Amplitude Problem's Crime of Curiosity (2019) features well-known American hacker Loyd Blankenship, also known as The Mentor, reading his essay The Hacker Manifesto (originally titled The Conscience of a Hacker) which serves as a guideline and moral code of hackers around the world. Crime of Curiosity is also featured as the official soundtrack to the demoscene history book THE CRACKERS: The Art of Cracking from 1984–1994.

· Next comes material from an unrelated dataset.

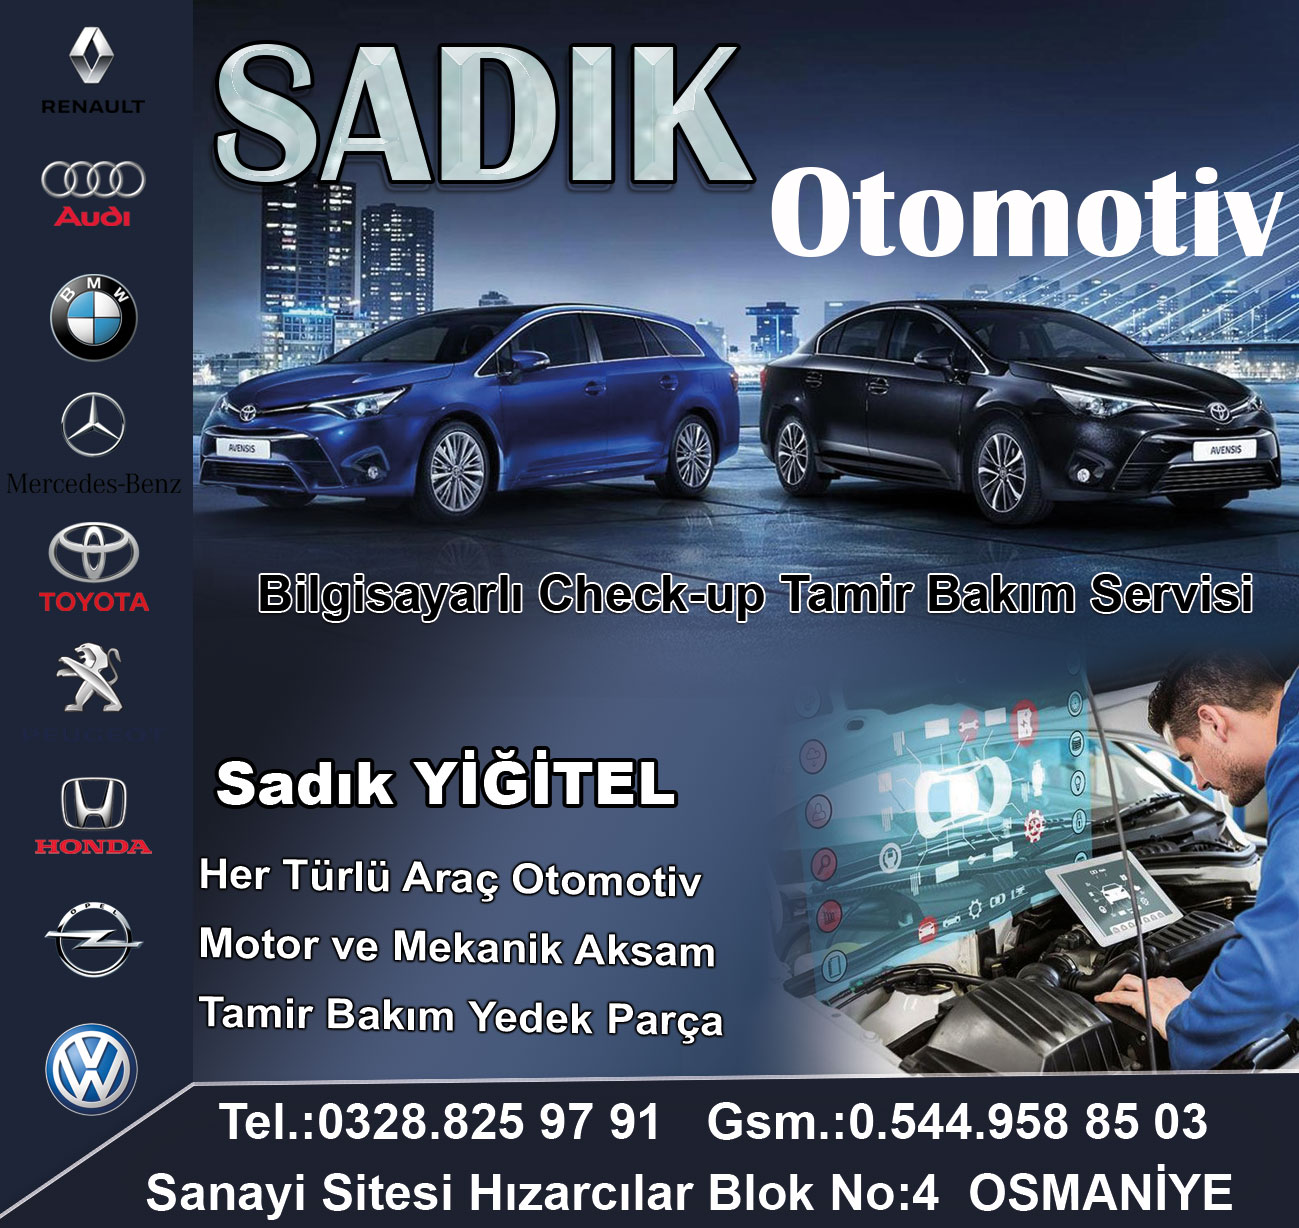 sadik-otomotiv-osmaniye

Amplitude Problem produced the album Blue Bots Dots which released in 2015 and garnered favorable reviews. In 2017, he followed-up with the nu jazz album The Frequency Modulators Orchestra, Vol. 1 which critics have described as "an artificial world of high-tech joy, pop music for Donkey Kong to jam to." Tracks from the album aired on FM jazz radio stations across the United States.

In 2020, Irming launched a folktronica side-project titled Cybard, with a cover of the video game Assassin's Creed Valhalla soundtrack and a full-length album, CMLXXXIV. This was followed up by the release of a cover of the video game Valheim soundtrack. Both games heavily feature Viking and Norse themes.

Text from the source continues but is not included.